Happy choosing, happy viewing
FILM ONE: HUNGER
2008 Dir Steve McQueen
McQueen’s debut feature film takes us into the depths of Bobby Sand’s and his fellow prisoner’s mindsets as they protest to be treated as political prisoners not terrorists. Instead of a more procedural approach presenting us with an nuts and bolts look into The Troubles as a whole, McQueen uses his artists’ eye to paint a much more philosophical and - stupid to say - visual and visceral portrait of the emotions caused by the conflict. The body is key to McQueen’s vision of the violence.
Holding on single shots for minutes at a time, McQueen forces us to look at the imagery more as a work of art in and of itself - like staring at one of his video works in a gallery. It allows his intentions with the image truly seep in. Whereas another filmmaker might take a look at the script and use the ‘dirty’ protest scenes as just another story beat - in the hands of McQueen they become much more than a point along a plot’s roadmap - they become the thing itself - a single image of protest against the system. Like water, the prisoner’s urine can move around, through, under - it can get around the structures put in place to restrict freedom. Yet, through the body and its fluids, they can gain the one thing they don’t have physically, but spiritually retain. In this one image we see that they cannot be controlled or silenced. Whatever it takes they will be heard. Taken alone this scene could be put in a gallery and called something like ‘The Maze’ and you’d get it. That’s the power of artistic vision.

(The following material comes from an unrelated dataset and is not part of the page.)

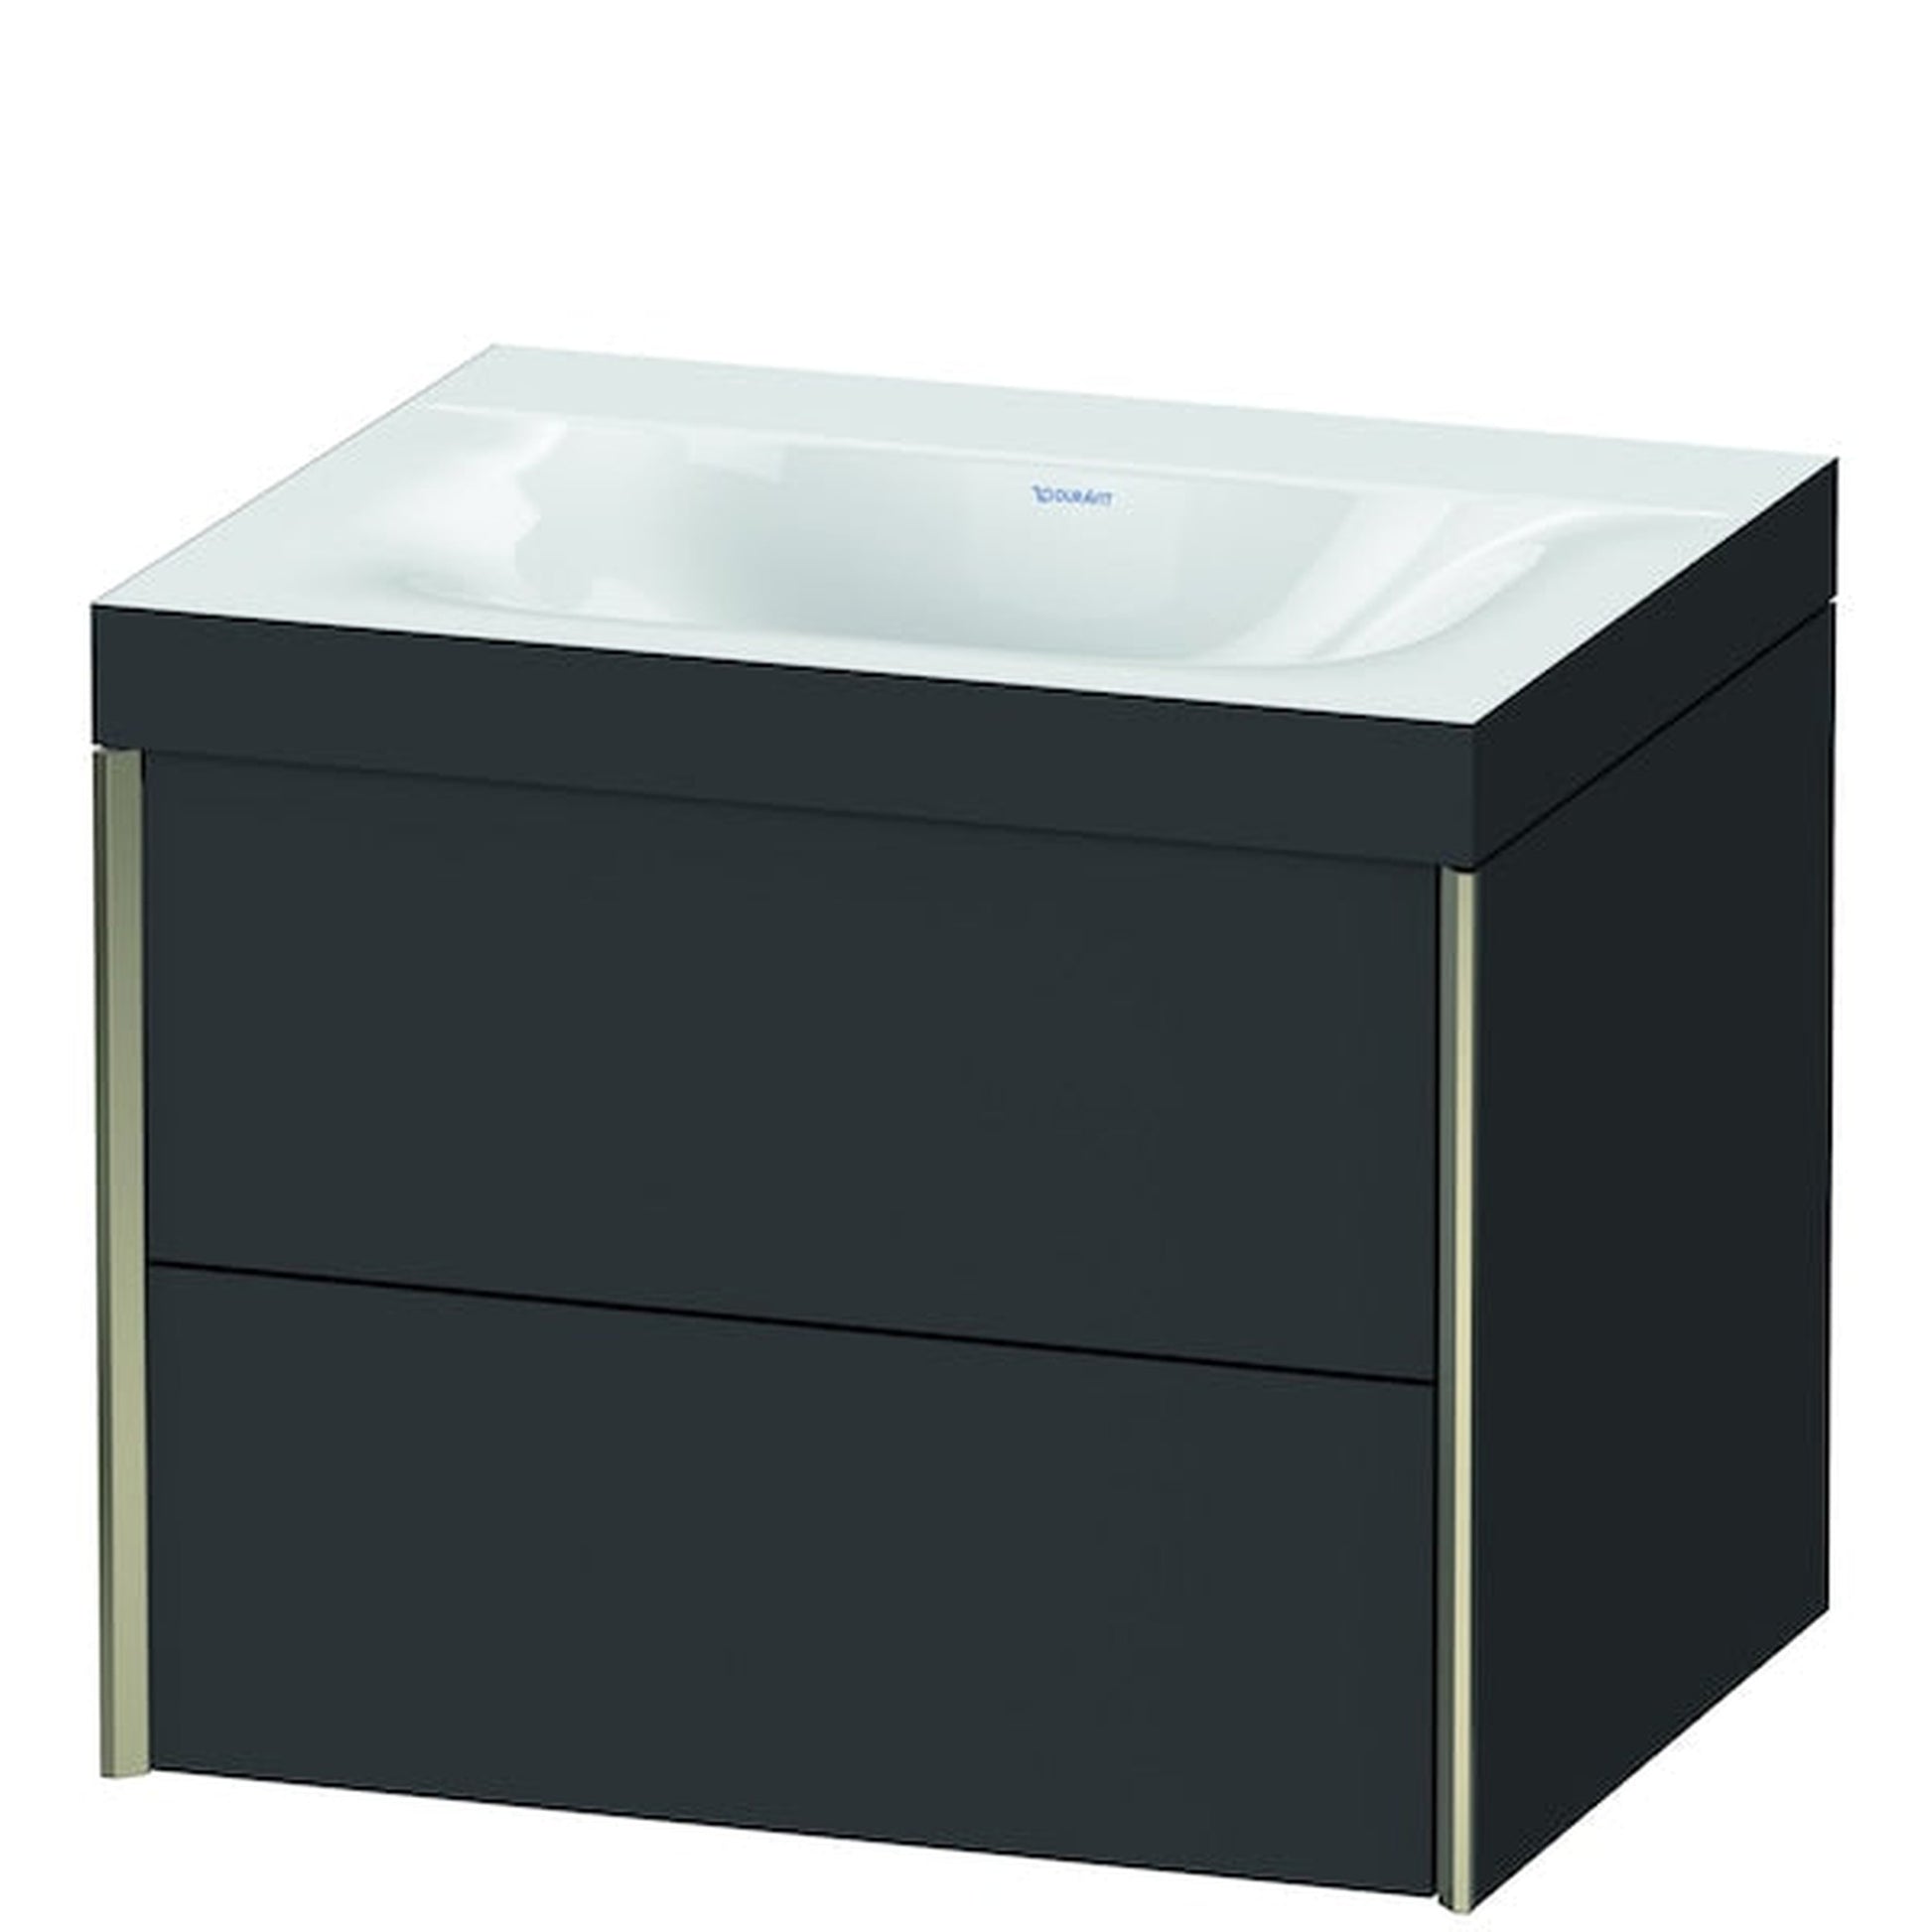 Duravit Xviu 24" x 20" x 19" Two Drawer C-Bonded Wall-Mount Vanity Kit Without Tap Hole, Graphite (XV4614NB180C)

With their own shit, they paint the walls, works of disgusting art, and again in another filmmaker’s hands they might play up the disgust - the gross factor, but McQueen makes it kind of beautiful, it’s a painting on a wall. A spiral symbol of defiance, one that can only be washed away by the application of a pressure washer by anonymous men.

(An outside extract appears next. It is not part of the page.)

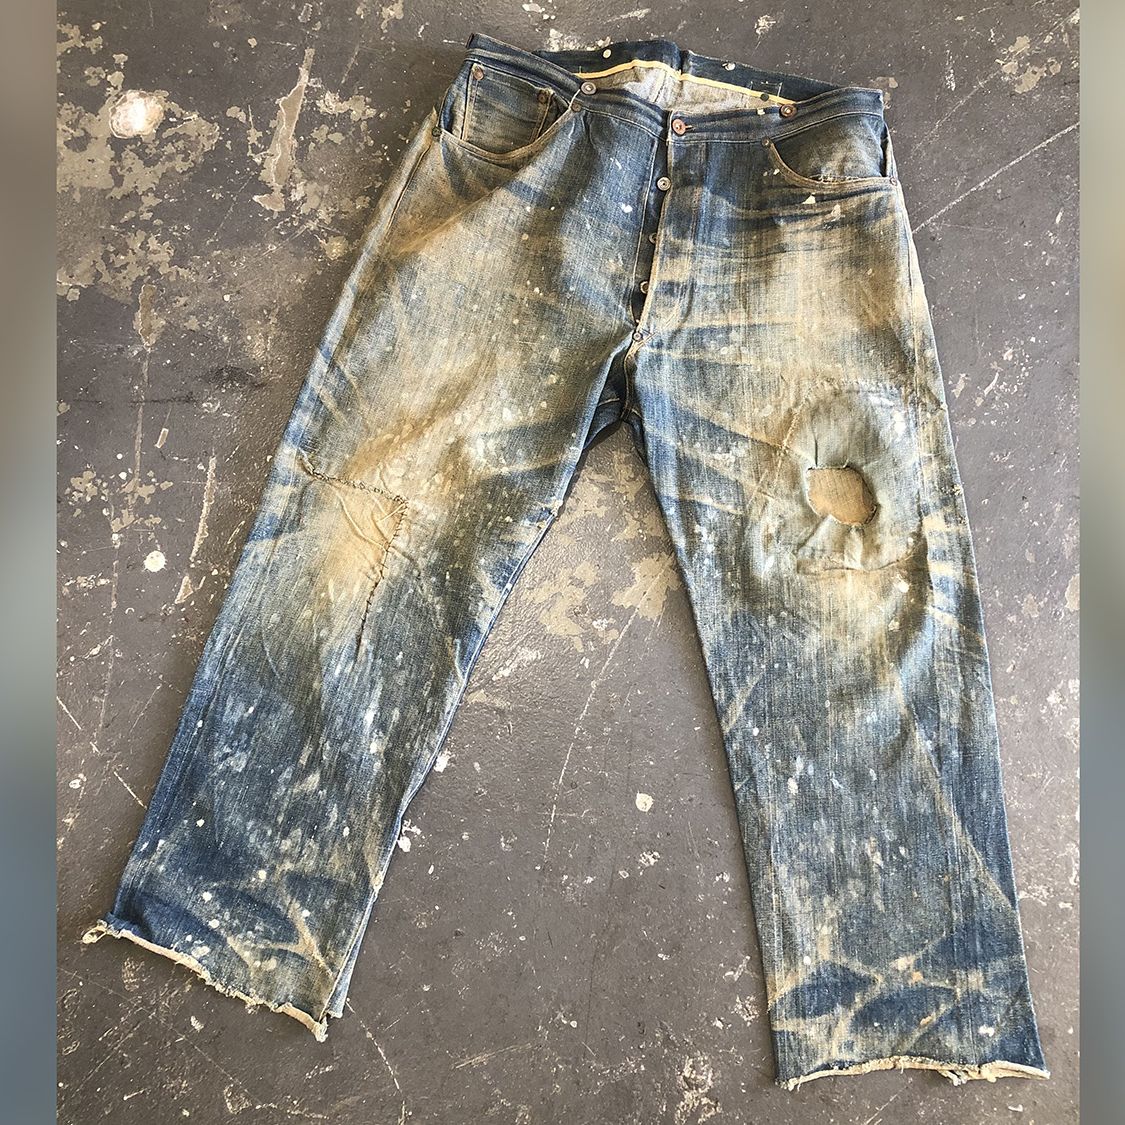 Behandling Armstrong Atticus 19th-century Levi's jeans found in mine shaft sell for over $87,000 | CNN

TL;DR why should I spend 1 hrs 36 mins of my precious life watching this? This is a painful, gorgeous film that gets under the politics and weaves a visceral story of uprising.
*Available for a small rental fee on Apple TV, and Amazon in the US, as well as the UK.
Fact: One of the most famous scenes in the film, in which a priest played by Dominic Cunningham tries to talK Bobby out of doing a hunger strike, plays out in one continuous shot that lasts over 17 minutes.
FILM TWO: THE DIVING BELL AND THE BUTTERFLY.
2007 Dir Julian Schnabel
The above image is one of the most stand out in a film of standout imagery. Like McQueen, Schnabel isn’t playing scenes and imagery purely as story beats. They’re not shooting just the words on the page - they’re painting in a mood, a feeling through a careful combination of images and sounds. They’re wrestling human emotion into colour, movement, and audio.
It tells the true story of Jean-Dominique Bauby, a man who suffers a stroke and gets ‘locked in syndrome,’ where he can only communicate by moving one of his eyes. It’s a film that’s told purely from his perspective - savagely so.
The POV photography featured in the first 40 minutes is maybe the most realistic I’ve ever seen. I feel like we’re looking through his eyeballs, in the prison of his body but still free in his pin-sharp mind. Still to this day I’m not sure how they achieved it - Janusz Kaminski and his team really did something special here. They force us to face the trauma Bauby is feeling.
The imagery throughout is filled with emotion, the movement is painterly, the stillness devastating. The contrast of inner monologue and external actions keep us captivated, entertained and on the brink of tears till the very last frame. If you watch this film and aren’t distraught [in a lovely way] by the end of it I’m not sure what to tell you - you might not be human.
TL;DR why should I spend 1hrs 52 minutes of my precious life watching this? I still remember exactly how I felt when I first walked out of the cinema after seeing this in Belfast, it’s a romantic image of life and its cruel fate that never loses sight of just how special it is be alive, no matter what the circumstances.
*Available for for a small rental fee on Apple TV, Amazon, Google Play and YouTube in the US, and on Amazon and Sky Store in the UK.
Fact: So committed he was to the project, Schnabel learned French during pre-production.